In light of widespread criticism, it may not be easy to win congressional approval of the TPP.17 Separate from other political issues concerning the effect of the TPP, members of Congress have expressed support for strong intellectual property protections, and specifically a twelve-year period of data exclusivity for biologics.18 Most notably, Senator Orrin Hatch, who chairs the Senate Finance Committee, had demanded strong protections for American pharmaceutical products, including biologics.19 Thus, it is still unclear as to whether biologics in the United States will lose their current twelve years of exclusivity.

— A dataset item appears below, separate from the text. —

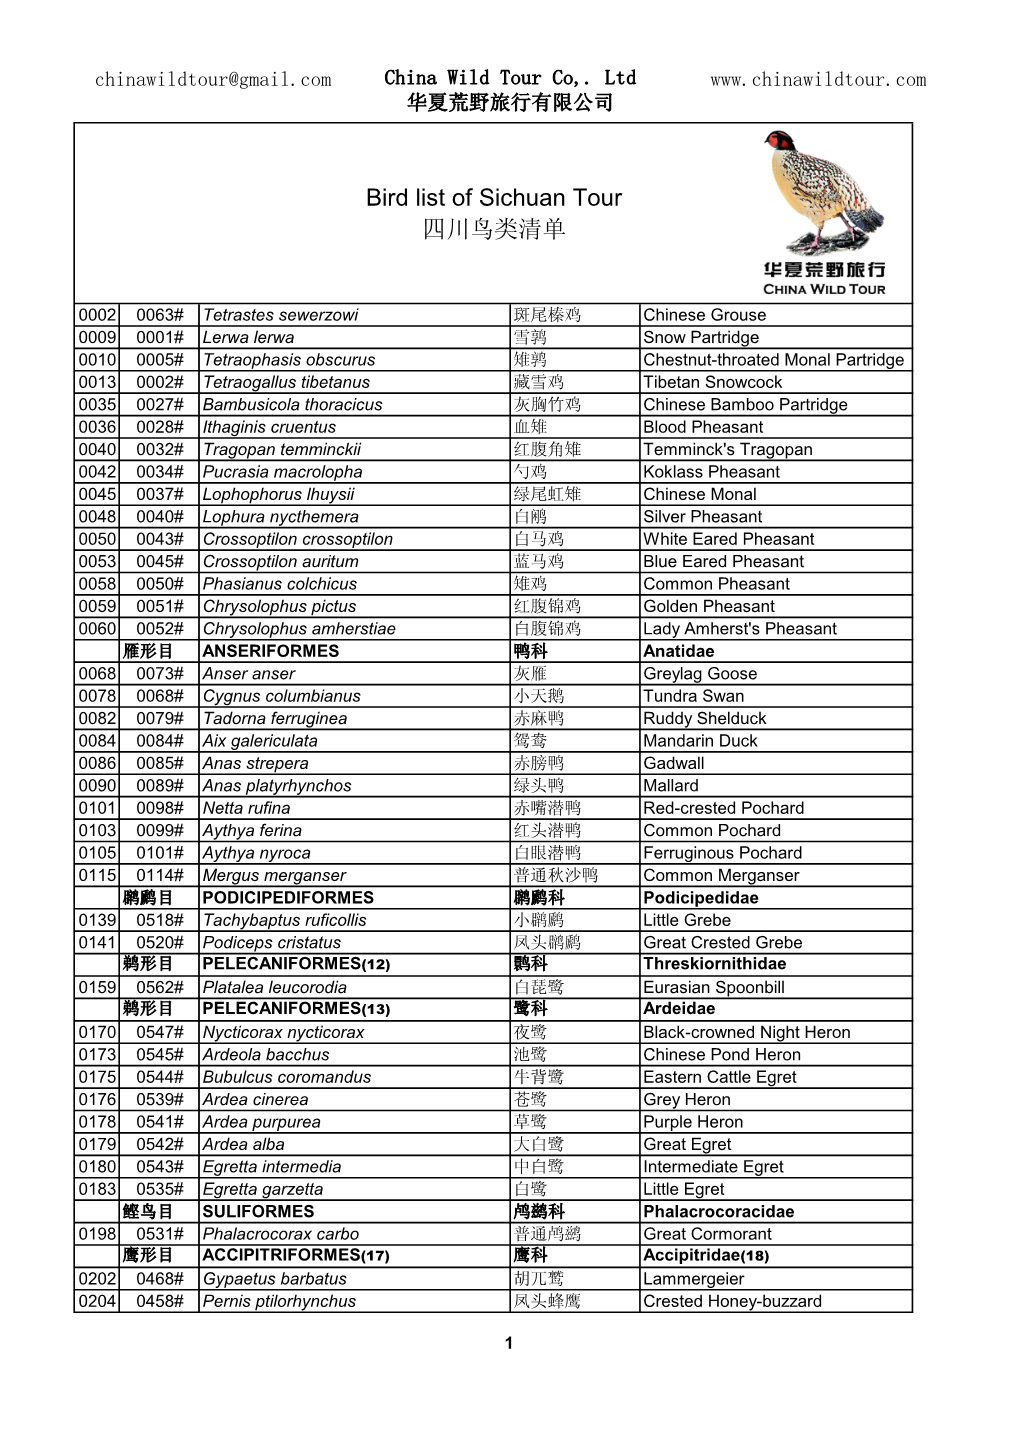 Bird List of Sichuan Tour 四川鸟类清单

Since reaching an agreement on October 5, 2015, the member countries have been drafting the final text. Much of the pharmaceutical industry has expressed disappointment that the TPP would not mandate a twelve-year exclusivity period.20 However, manufacturers of biosimilars have applauded the five-year period as balancing patient access and economic growth.21 The ultimate effect of the TPP internationally is still unclear and will be contingent on the final text of the agreement.